== Task statement ==
Starting with the line with "Un grupo de" in the entries below and going on through the line with "Cum sa construiesti", output every line exactly and nothing more. No pictures.

== Record excerpts ==
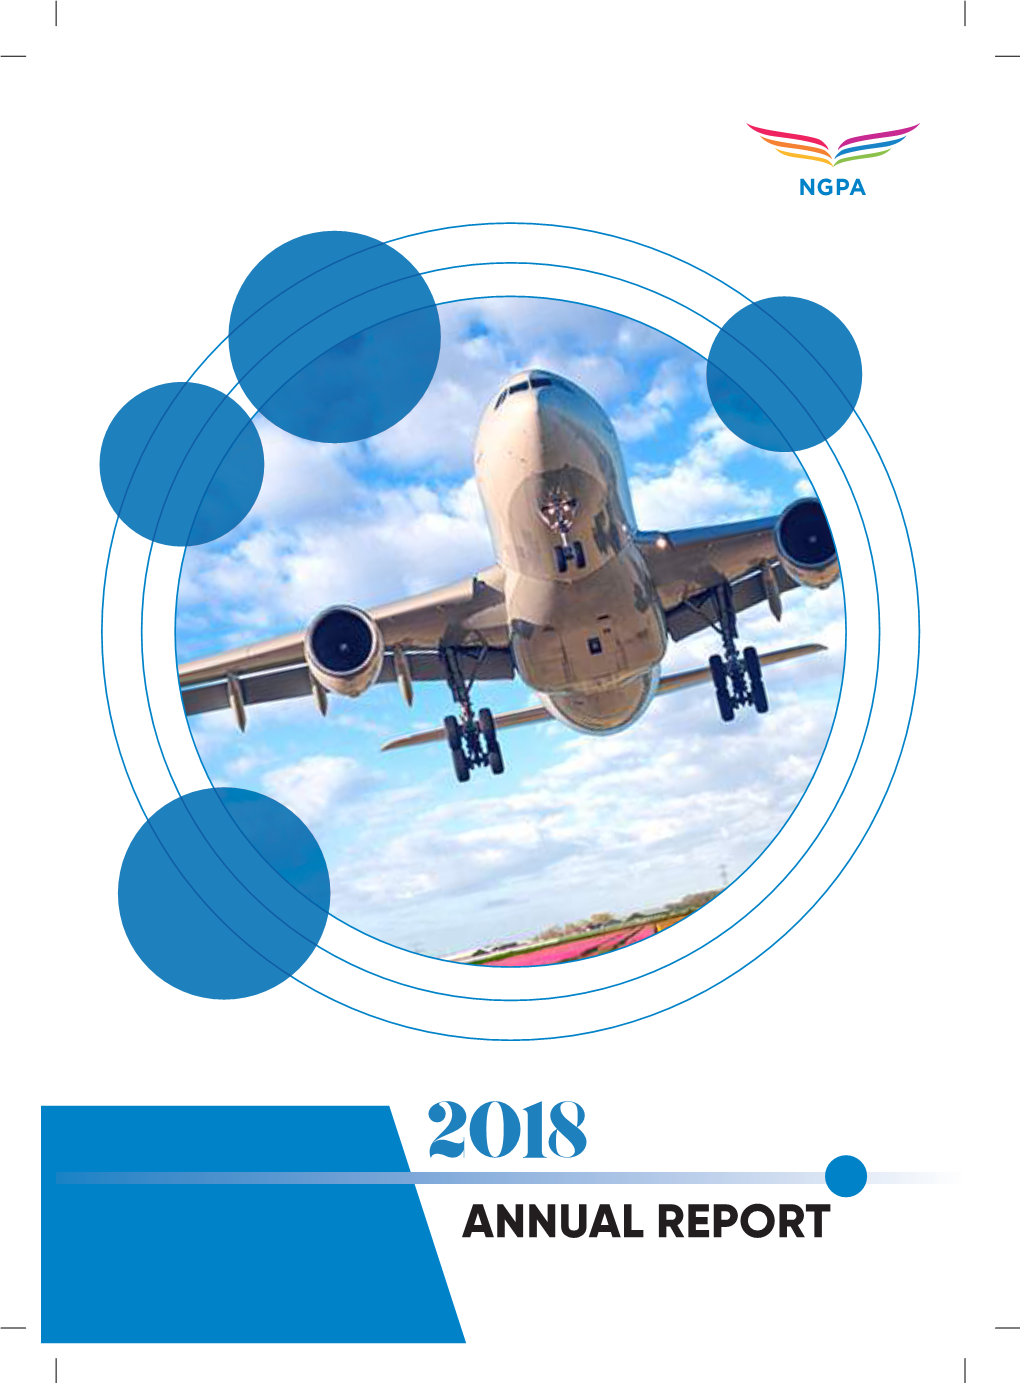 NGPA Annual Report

--

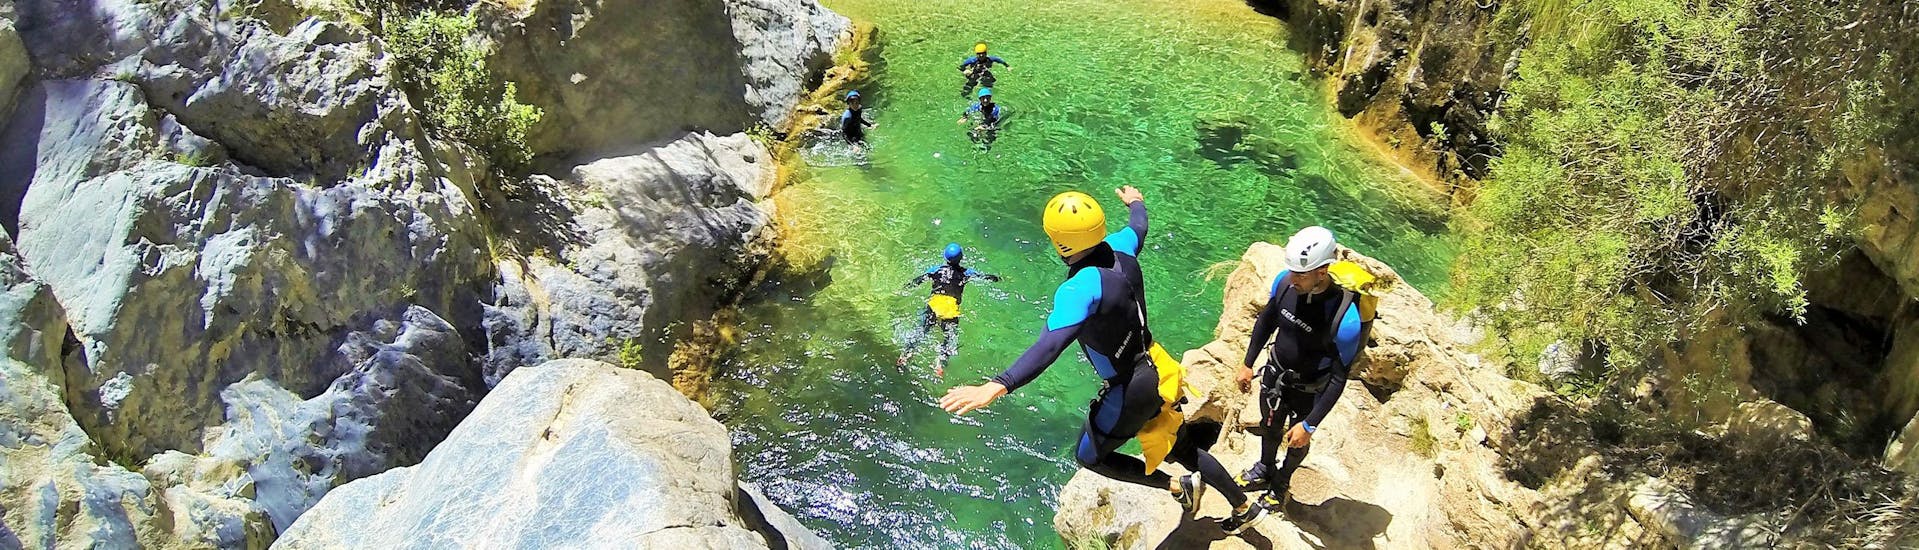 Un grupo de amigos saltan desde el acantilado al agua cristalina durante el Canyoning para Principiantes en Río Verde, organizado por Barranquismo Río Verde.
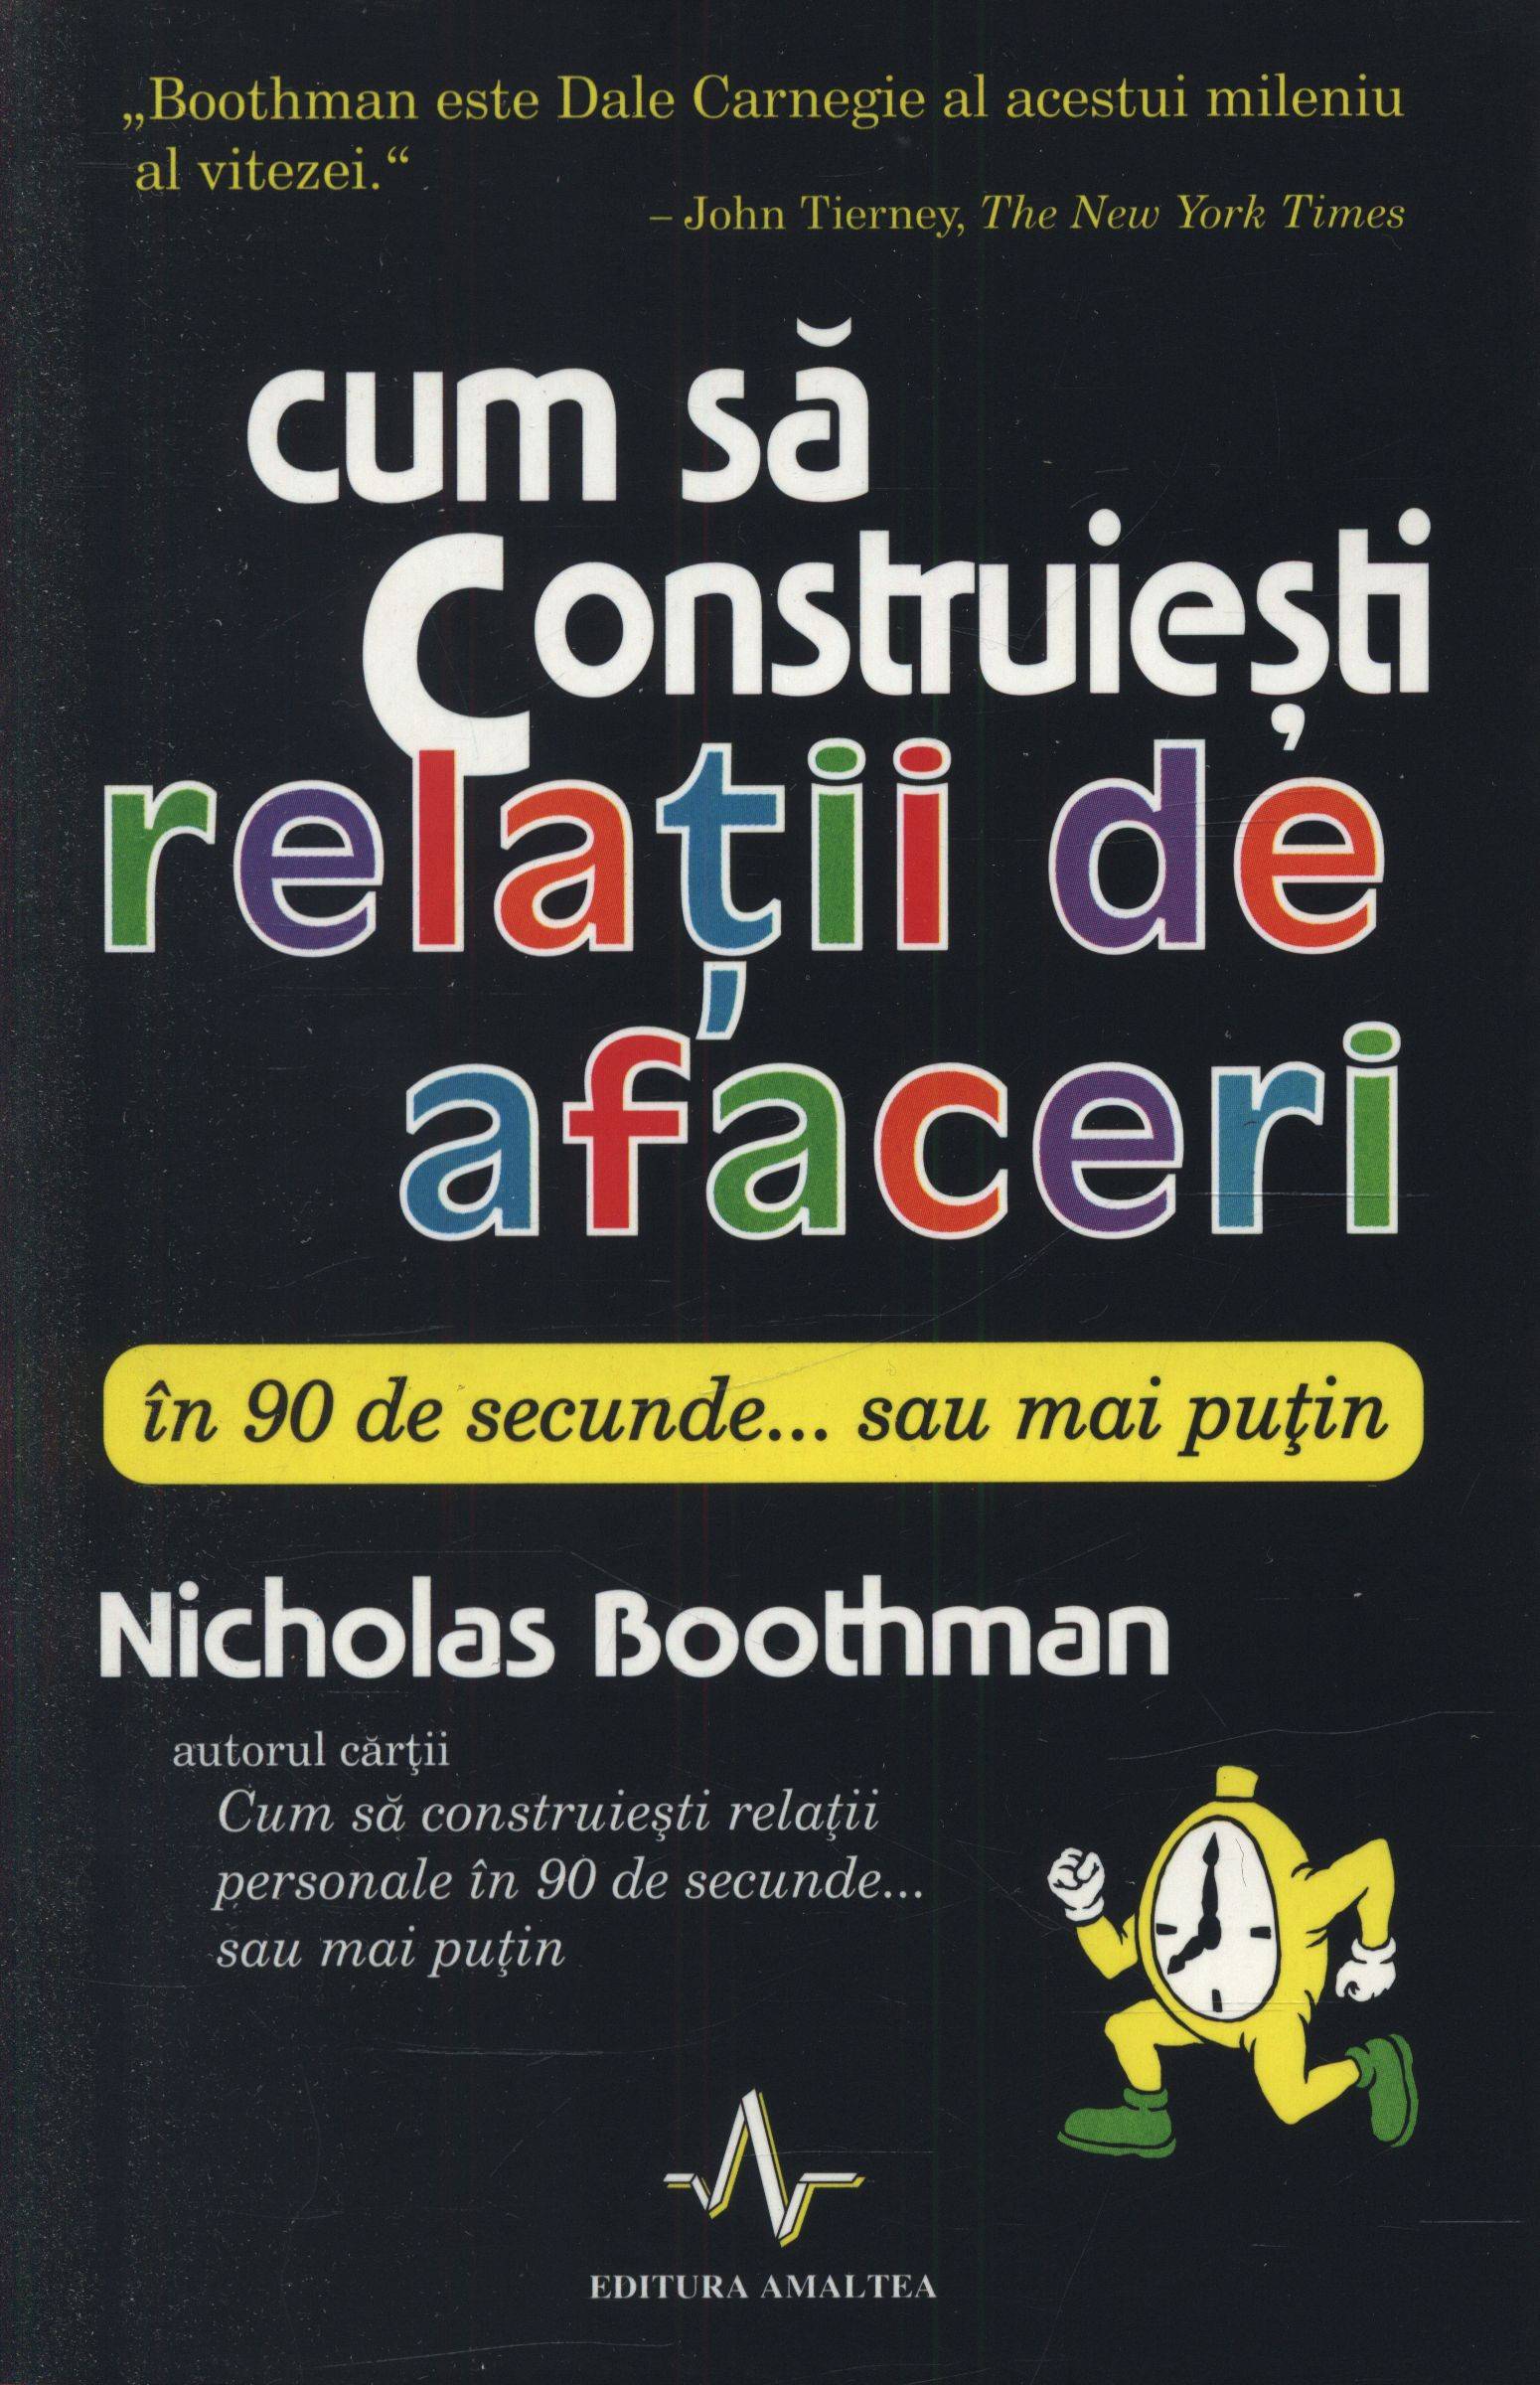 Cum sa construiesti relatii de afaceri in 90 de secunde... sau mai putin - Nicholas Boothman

== Answer space ==
 Un grupo de amigos saltan desde el acantilado al agua cristalina durante el Canyoning para Principiantes en Río Verde, organizado por Barranquismo Río Verde.
 Cum sa construiesti relatii de afaceri in 90 de secunde... sau mai putin - Nicholas Boothman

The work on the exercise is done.